Massive Baby Sling Recall Could Affect Thousands of California Families
According to the Los Angeles Times, Infantino has recalled more than 1 million baby slings after three infants suffocated.
If the slings are determined to have a design defect, a manufacturing defect or a marketing defect, the manufacturer, distributor, or even retail seller could be held liable in a products liability case.
Earlier this March, the Consumer Product Safety Commission stated that it was investing 14 deaths over the last 20 years related to the use of baby slings. The CPSC has now advised consumers to stop using the slings with infants younger than four months and not to try to fix the carriers, but to replace them instead. Because young babies have little motor control of their head, they are at risk for suffocation.
Liability for a defective product is established in one of three ways:
•The product is designed defectively. A product has a defective design when the foreseeable risks of harm could have been reduced or eliminated by using a different design.
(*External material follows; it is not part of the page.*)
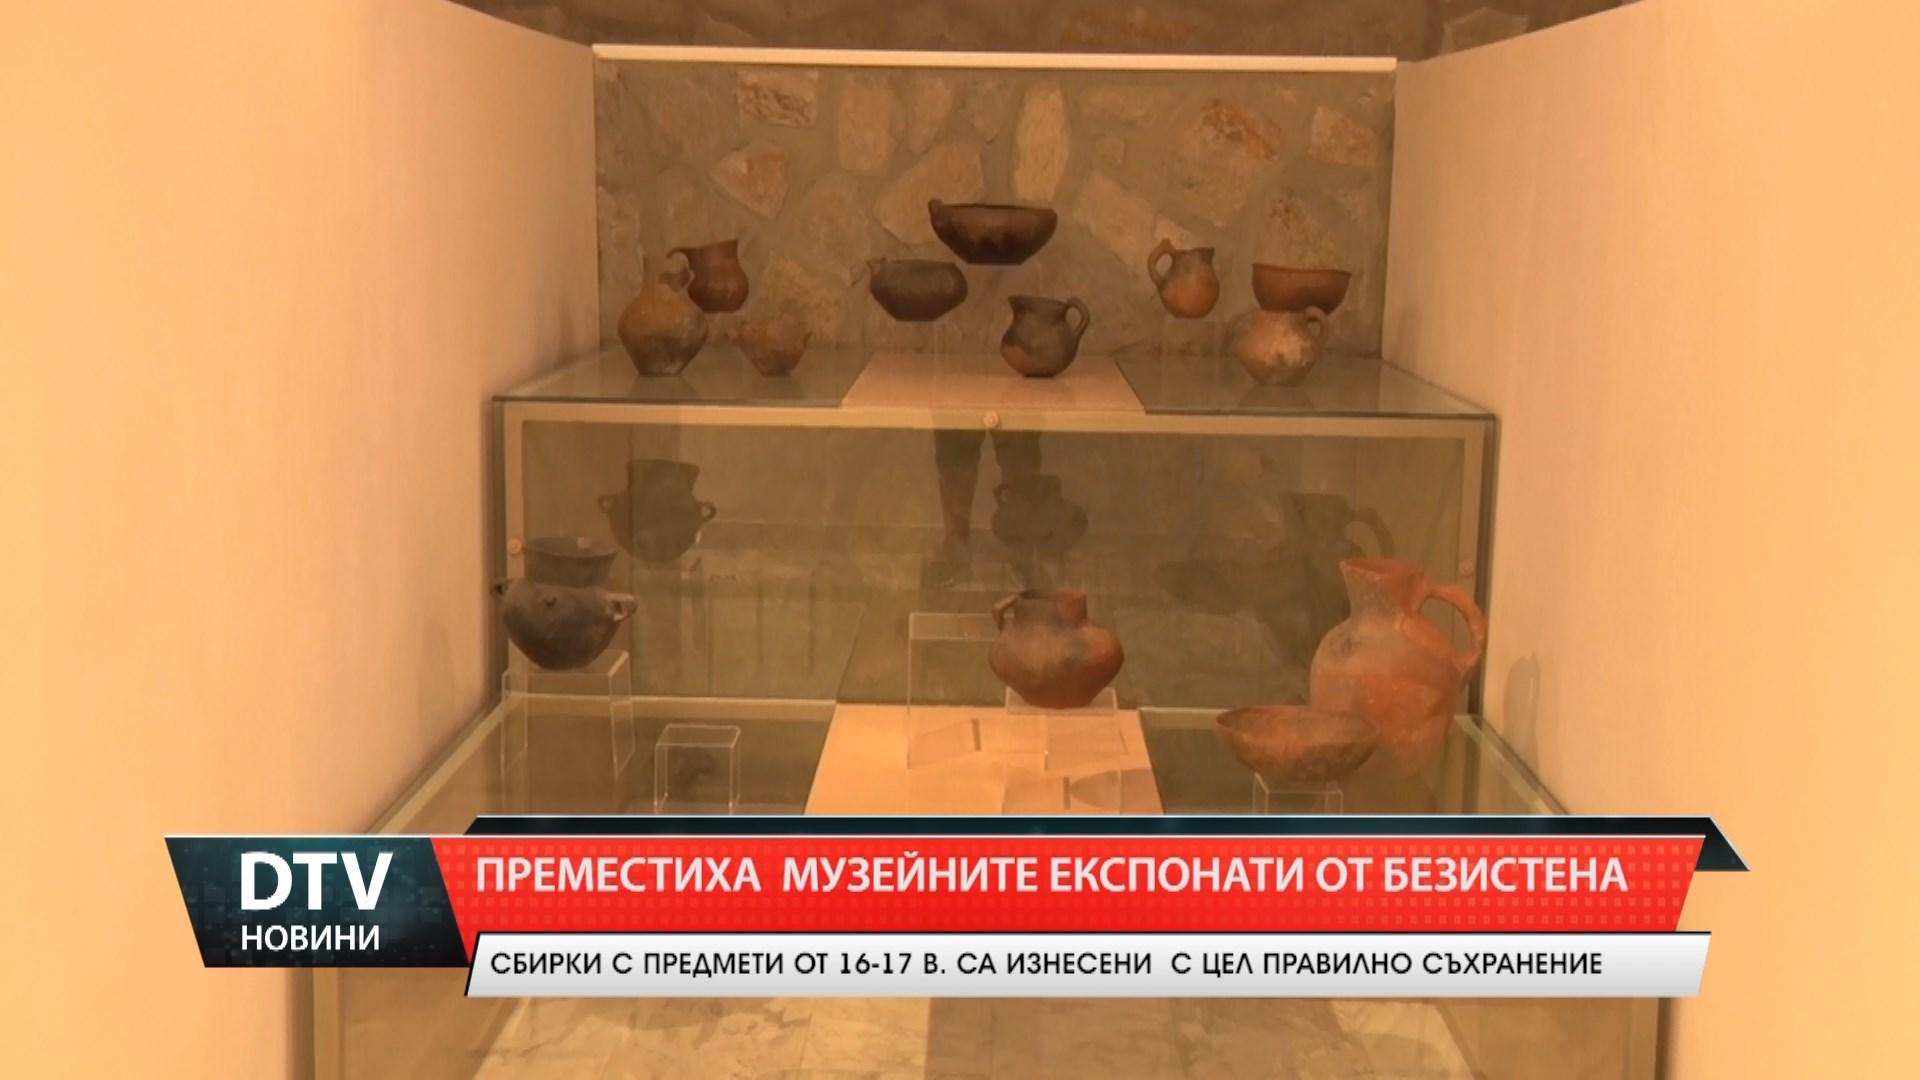 Изнесоха музейни експонати от Безистена

•The product has a manufacturing defect. An error in the manufacturing process causes a few or many of a particular product to be defective. A product is also considered defective if the manufacturer fails to provide adequate warnings regarding the dangers of improper use.
•Marketing defects. A distributor and seller of a product may be held strictly liable in a case where the marketing is misleading.
The slings were sold from January 2003 through March 2010 at Target, Walmart, Babies R Us, Amazon.com and many other children's stores throughout the U.S. and Canada.